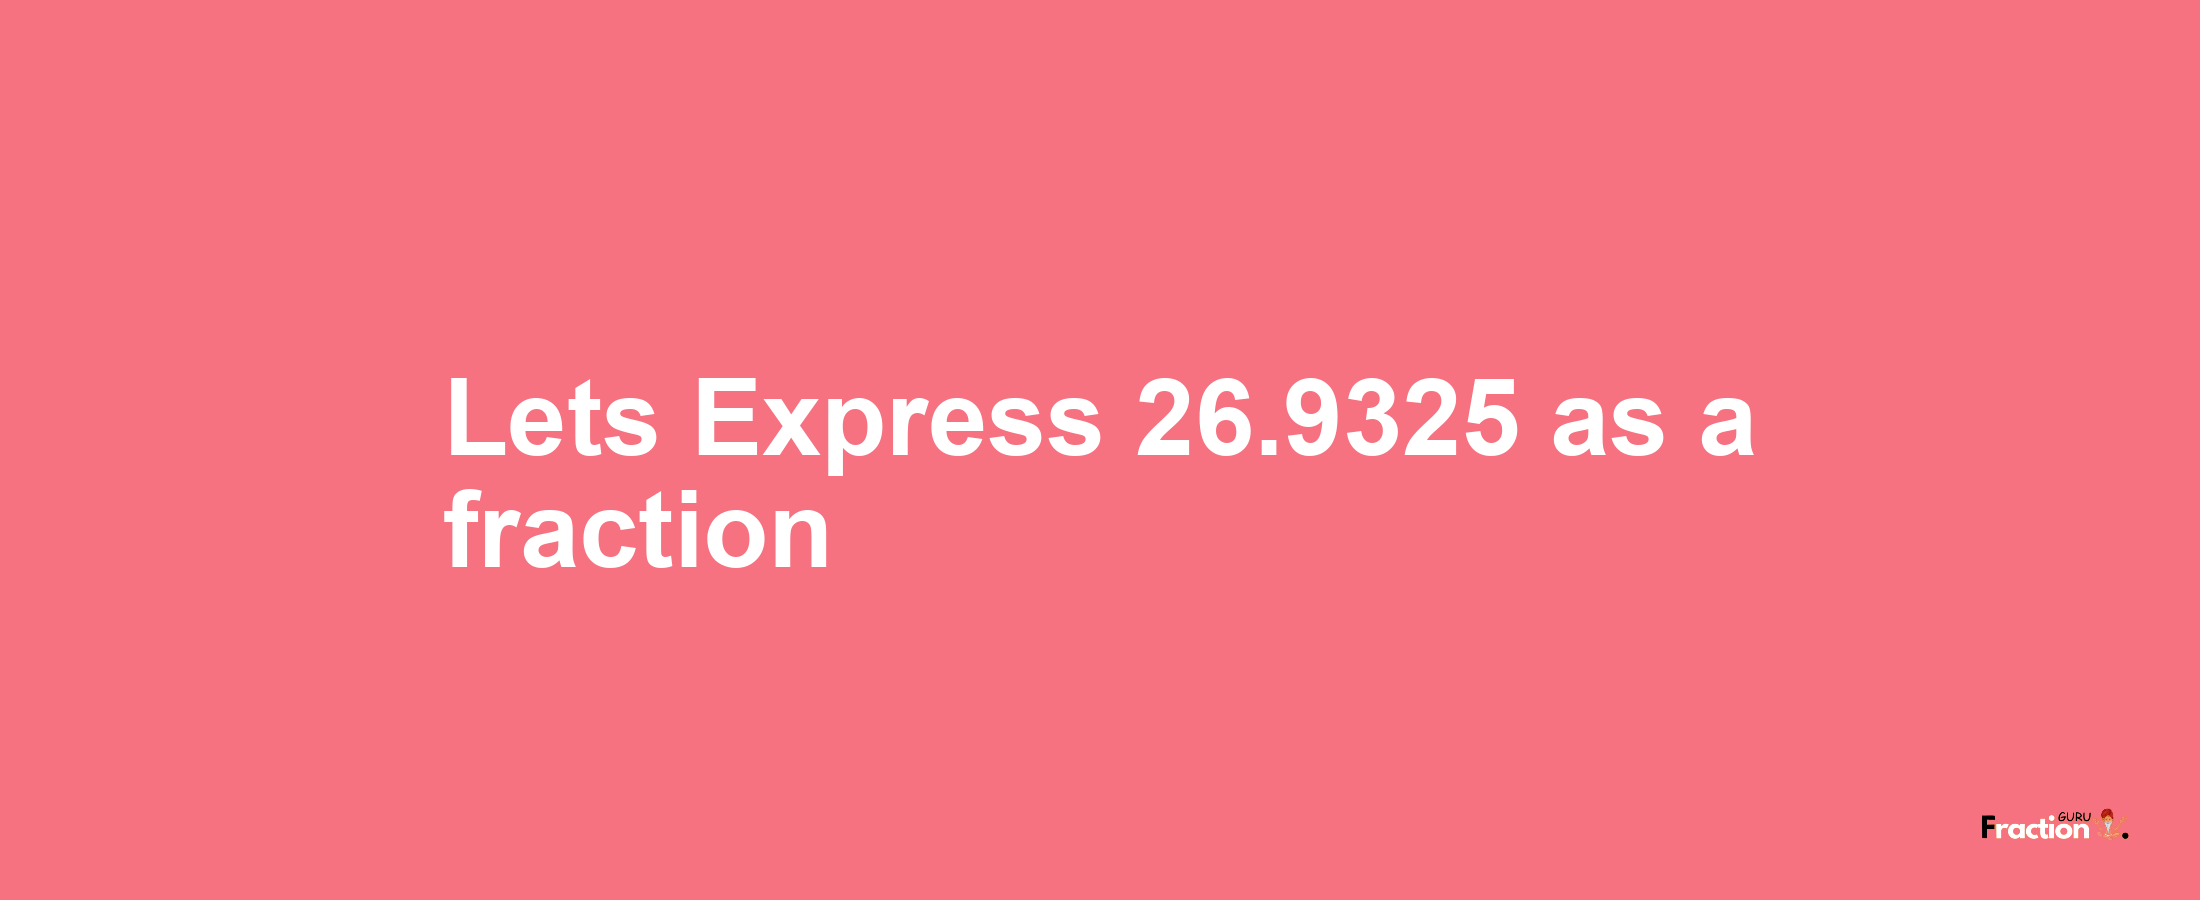 Lets Express 26.9325 as afraction
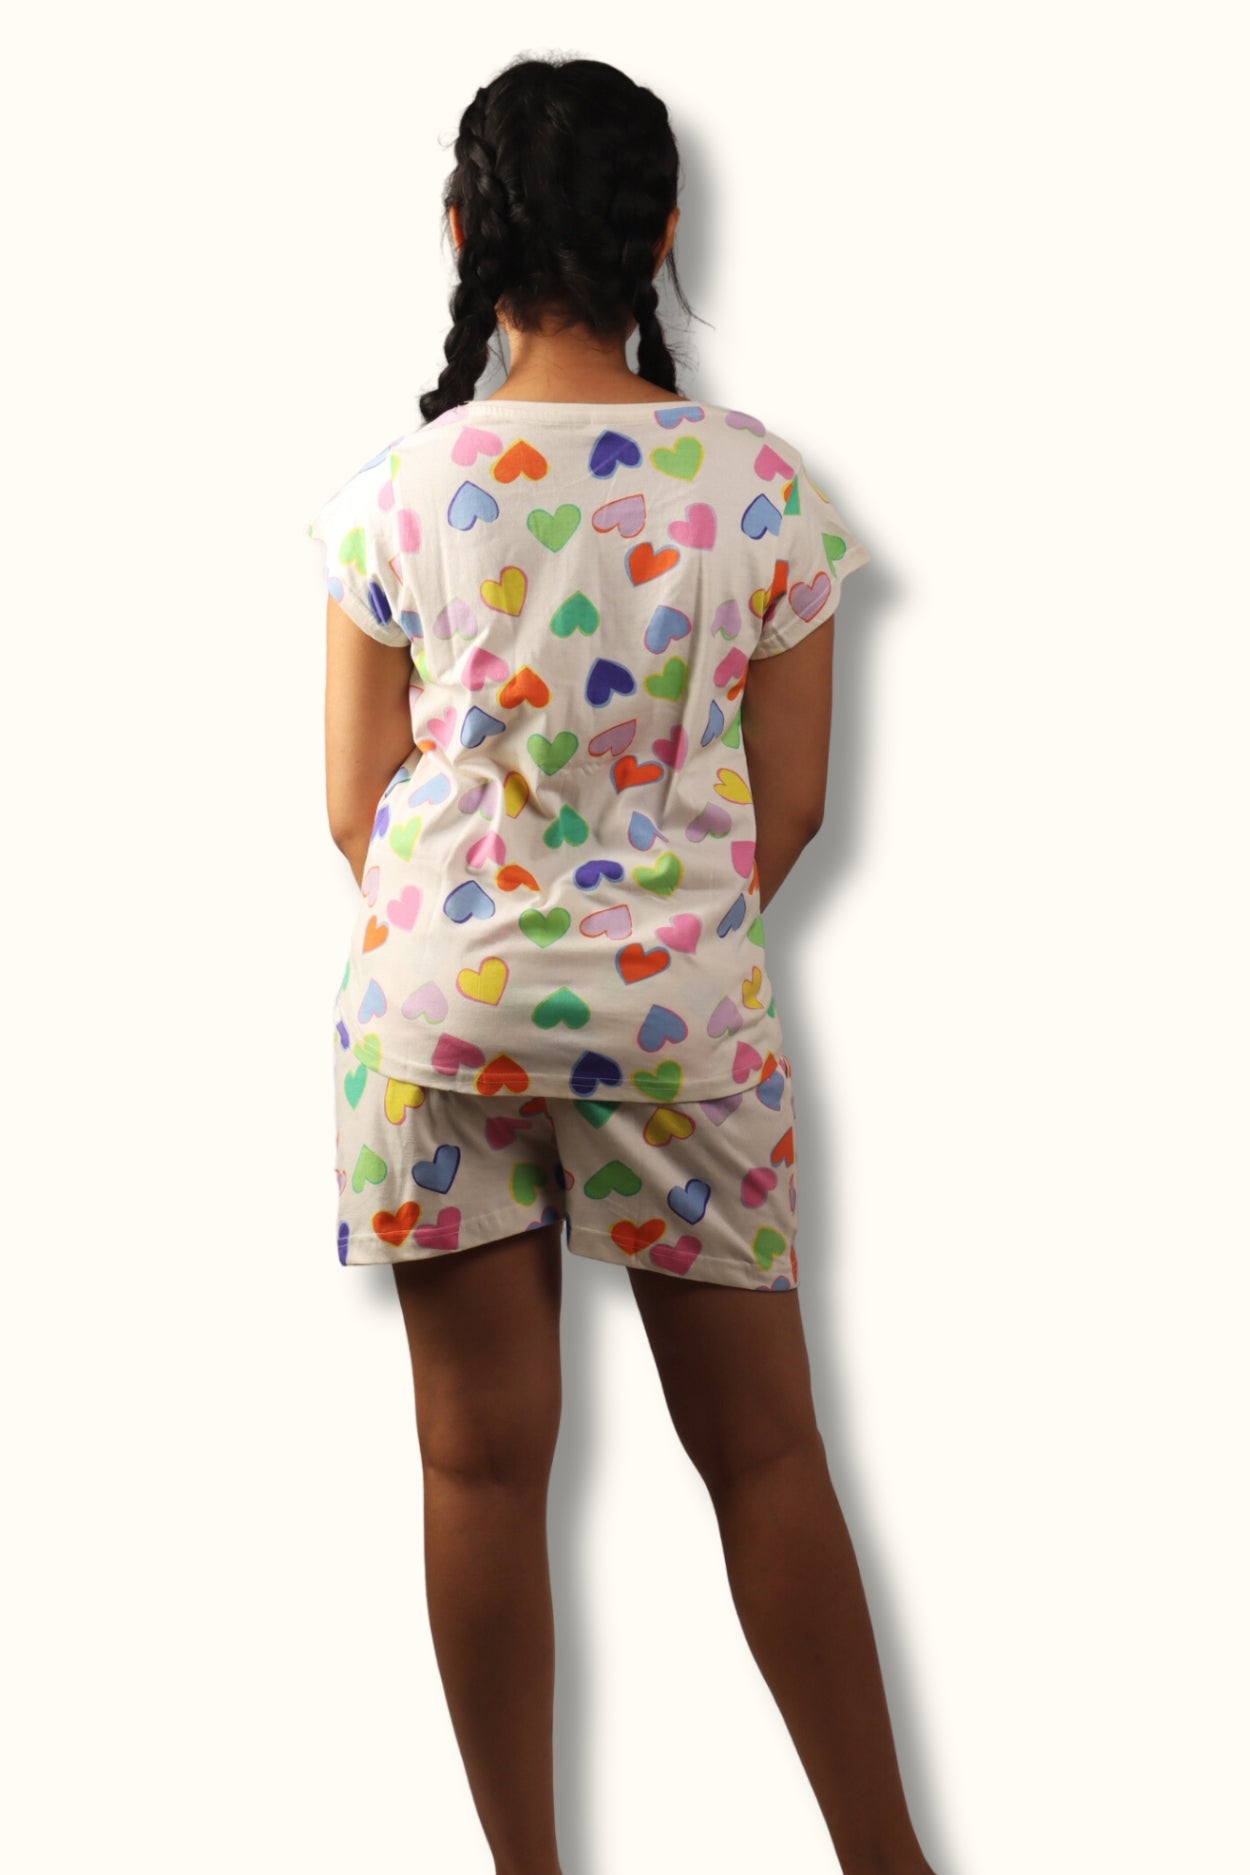 Night Suit For Women In White Colour - Multi Colour Hearts variant 1
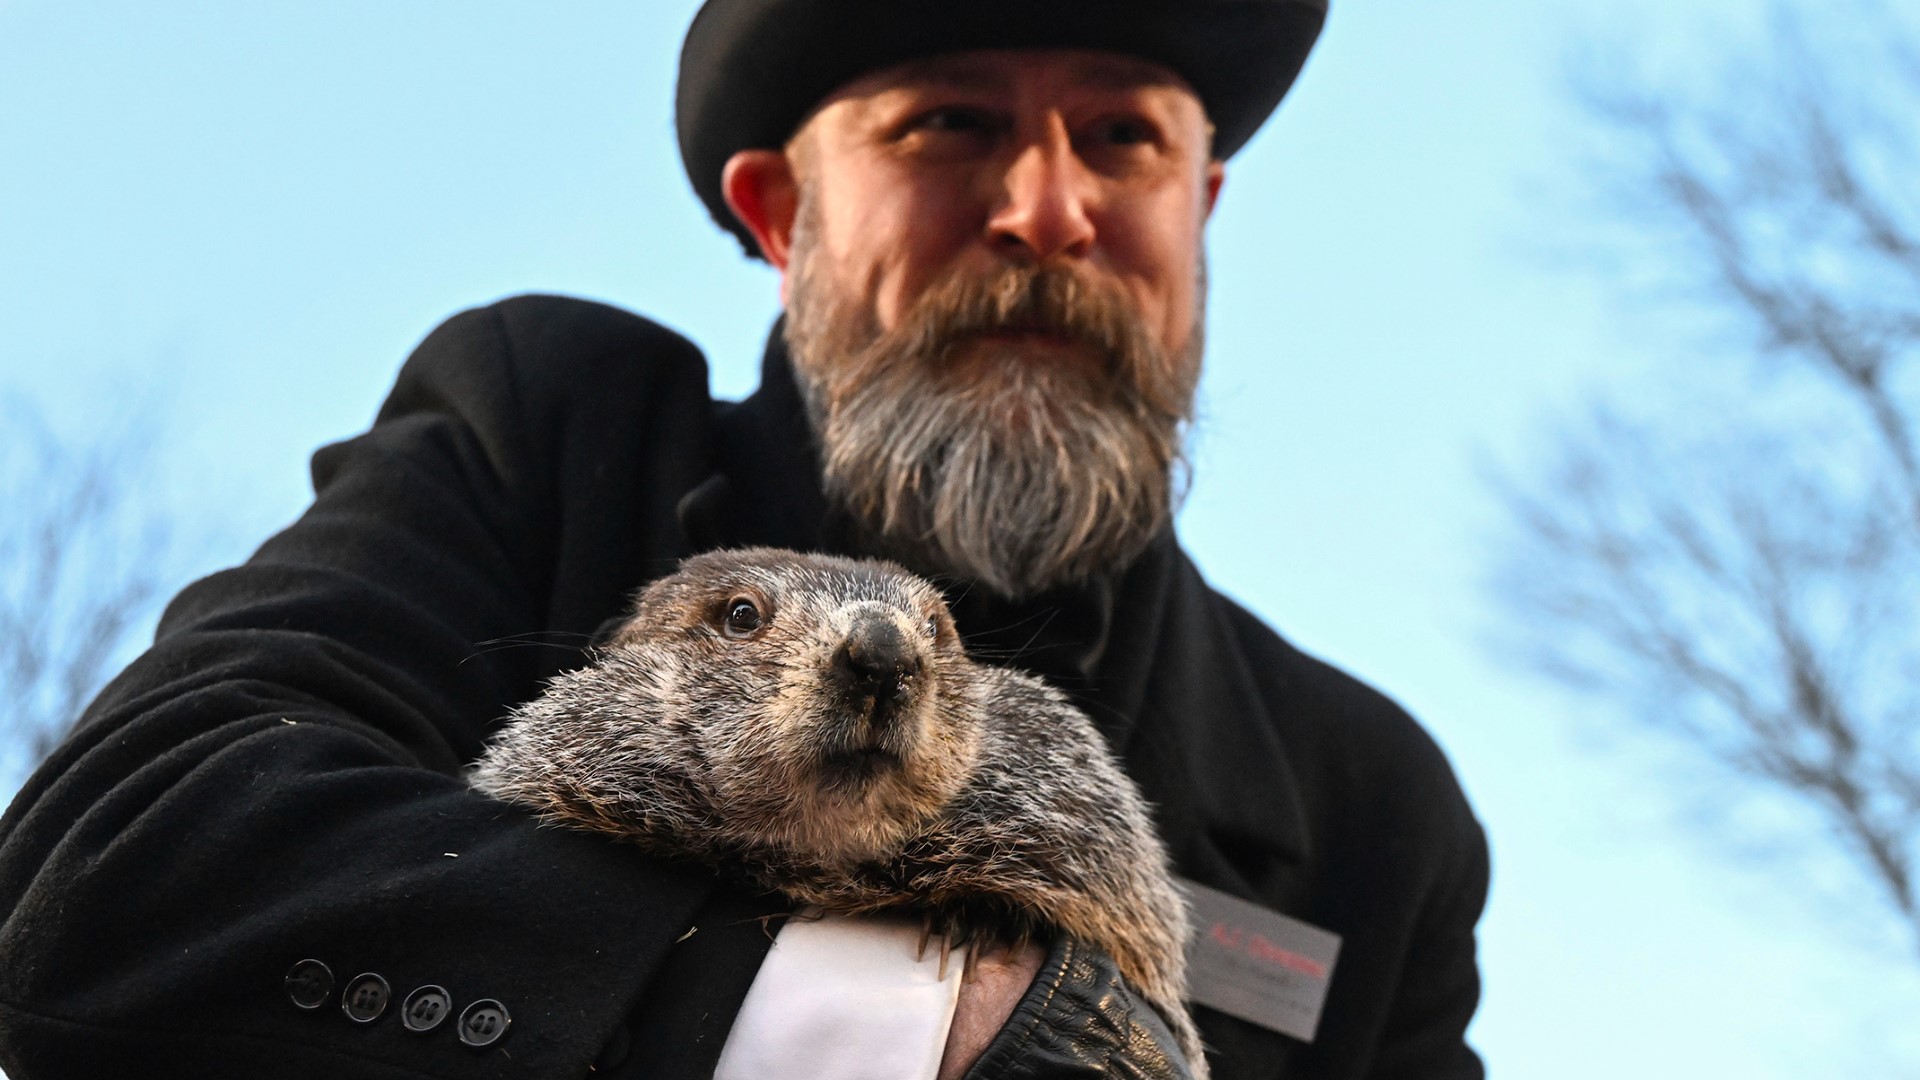 PETA wants to replace Punxsutawney Phil with a giant gold coin

### THE PROBLEM
Leaving the pictures out, output each line of the listing exactly.

### TASK RESULT
 Lets Express 26.9325 as afraction
 Night Suit For Women In White Colour - Multi Colour Hearts variant 1
 PETA wants to replace Punxsutawney Phil with a giant gold coin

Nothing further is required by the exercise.